On a problem of M. Talagrand

TL;DR

This paper proves a special case of Talagrand's conjecture, demonstrating that certain threshold properties hold when the measure is supported on pairs, advancing understanding of threshold phenomena in combinatorics.

Contribution

The authors prove Talagrand's conjecture for the case where the measure is supported on pairs, extending previous results limited to singleton support.

Findings

Proved Talagrand's conjecture for pair-supported measures.

Established bounds relating weakly p-small and (p/L)-small families.

Enhanced understanding of threshold behaviors in combinatorial families.

Abstract

We address a special case of a conjecture of M. Talagrand relating two notions of "threshold" for an increasing family $\mathcal F$ of subsets of a finite set $V$. The full conjecture implies equivalence of the "Fractional Expectation-Threshold Conjecture," due to Talagrand and recently proved by the authors and B. Narayanan, and the (stronger) "Expectation-Threshold Conjecture" of the second author and G. Kalai.

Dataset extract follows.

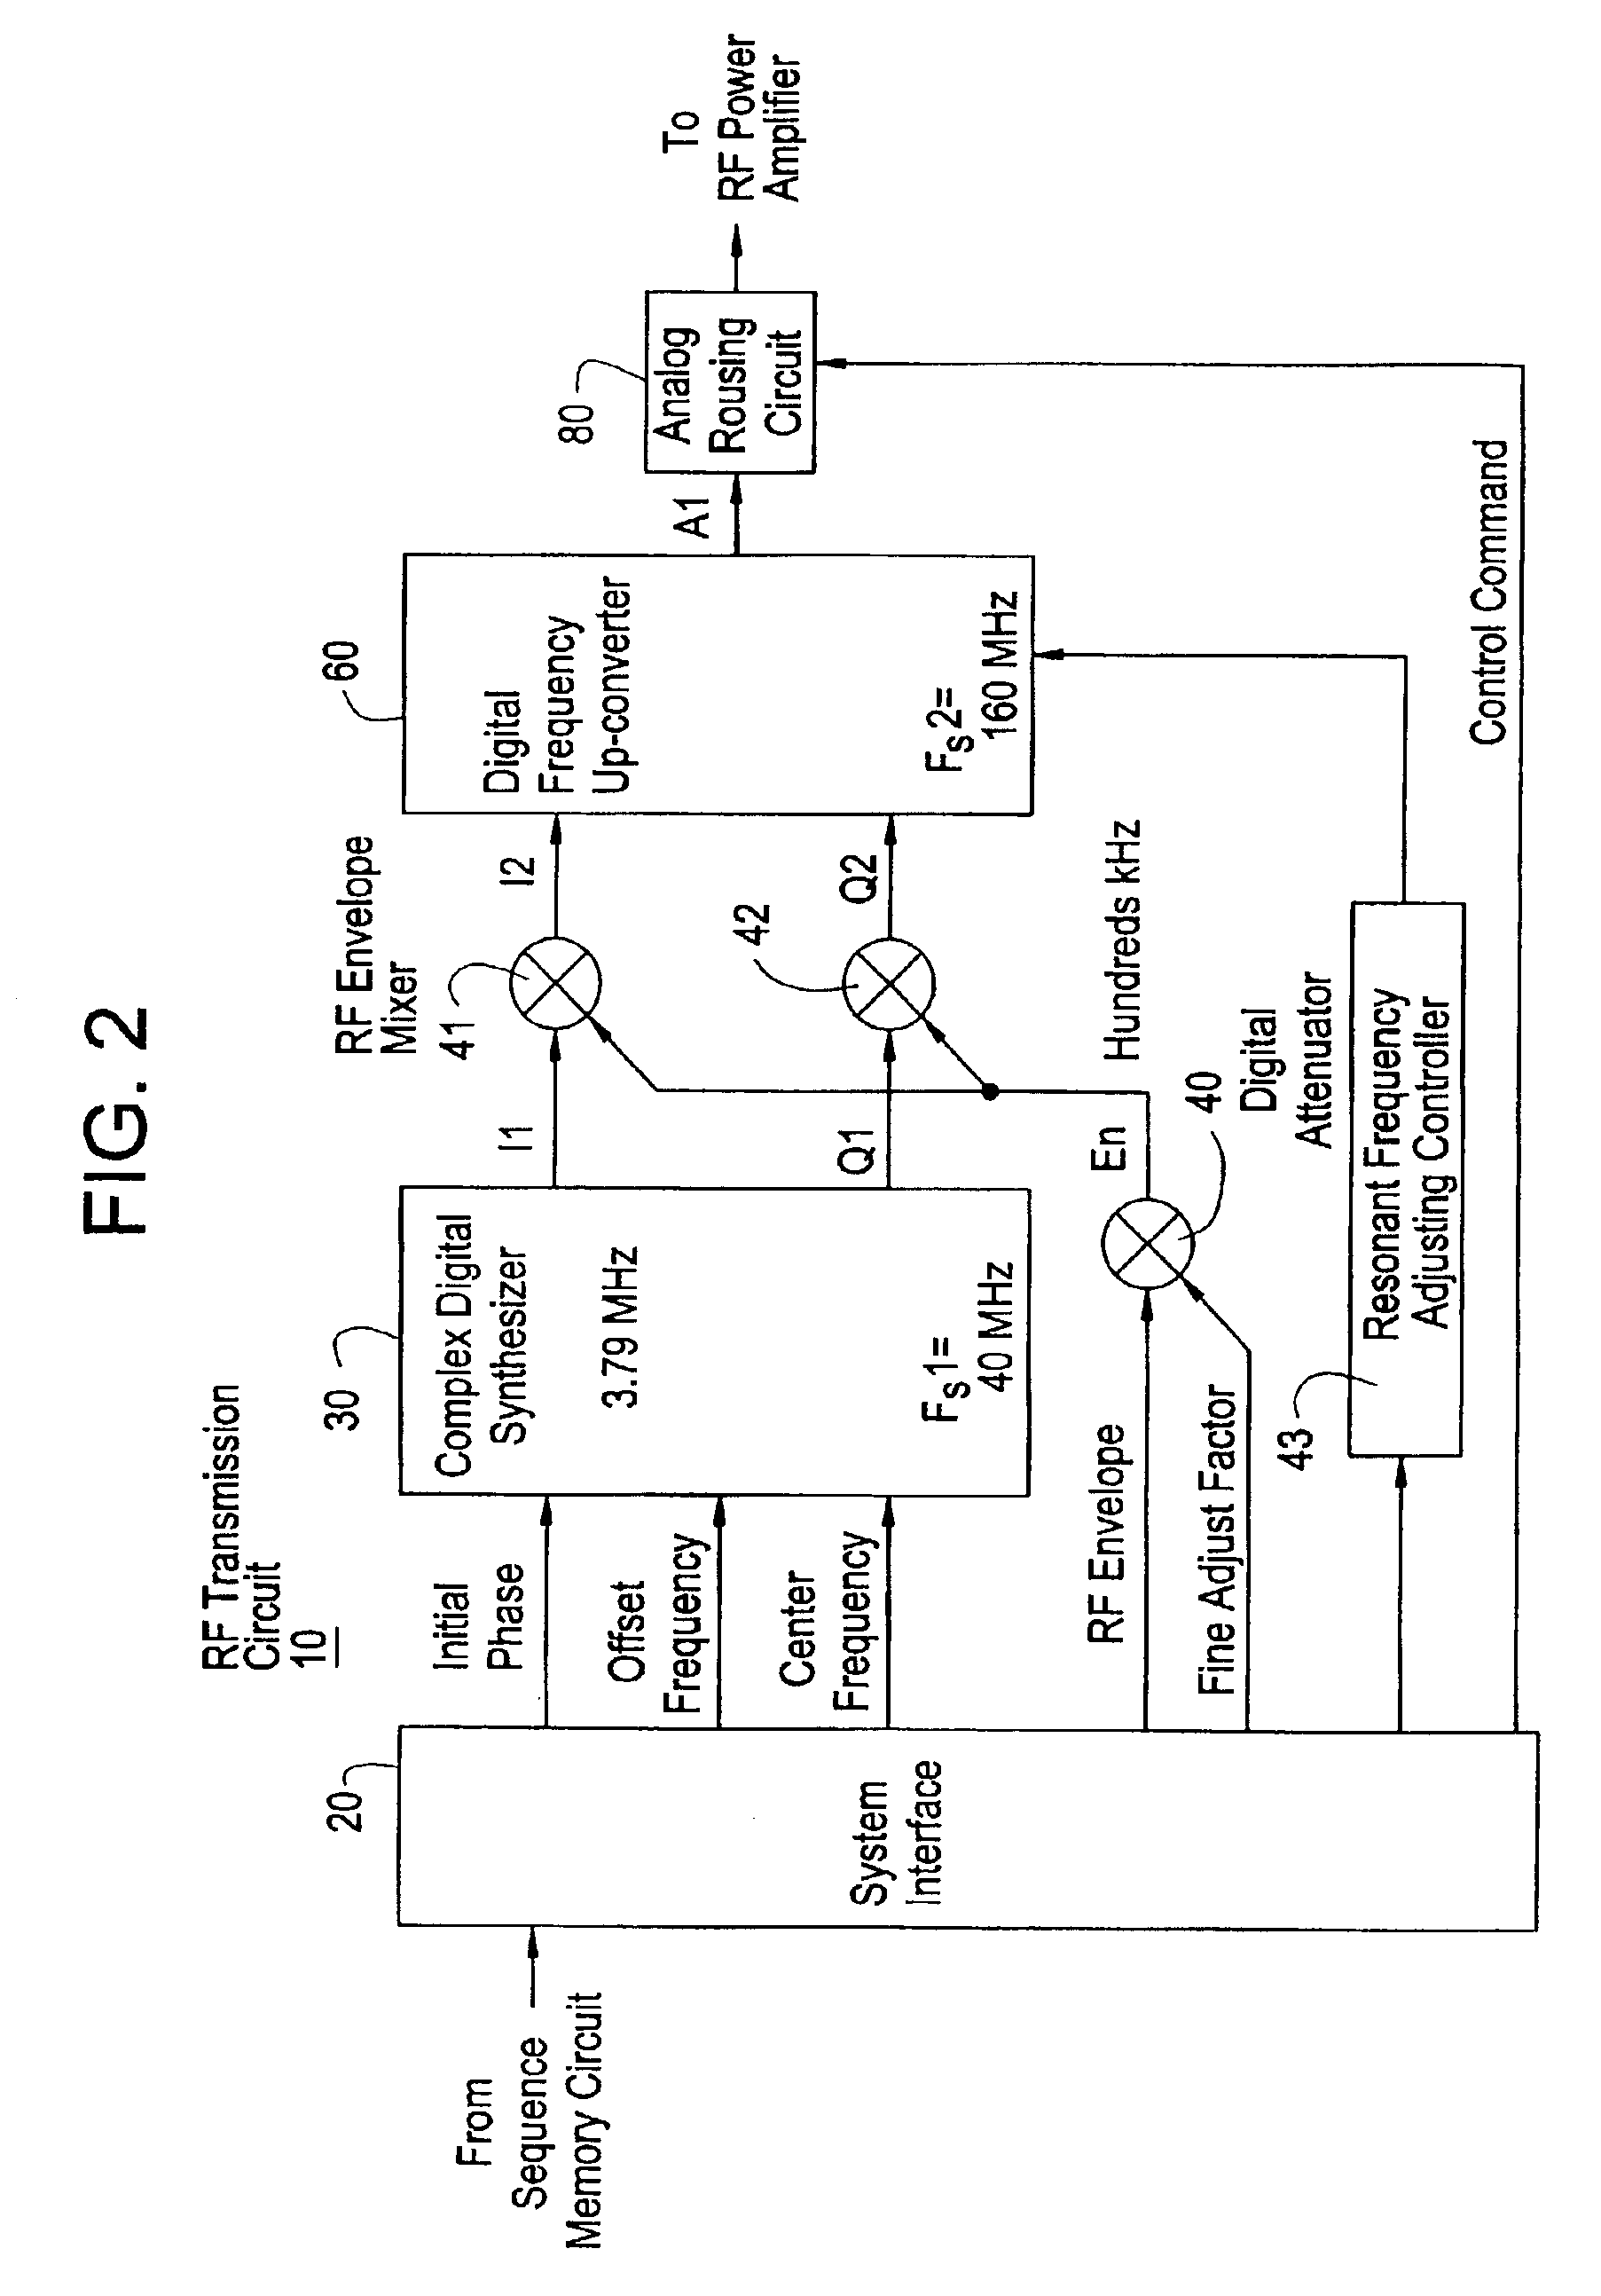 RF transmission circuit, complex digital synthesizer, and MRI apparatus

The conjecture under discussion here says there is a fixed $L$ such that if, for a given $\mathcal F$, $p\in [0,1]$ admits $\lambda:2^V \rightarrow \mathbb R^+$ with \[ \mbox{$\sum_{S\subseteq F}\lambda_S\ge 1 ~~\forall F\in \mathcal F$} \] and \[ \mbox{$\sum_S\lambda_Sp^{|S|} \le 1/2$} \] (a.k.a. $\mathcal F$ is weakly $p$-small), then $p/L$ admits such a $\lambda$ taking values in $\{0,1\}$ ($\mathcal F$ is $(p/L)$-small). Talagrand showed this when $\lambda$ is supported on singletons and suggested, as a more challenging test case, proving it when $\lambda$ is supported on pairs. The present work provides such a proof.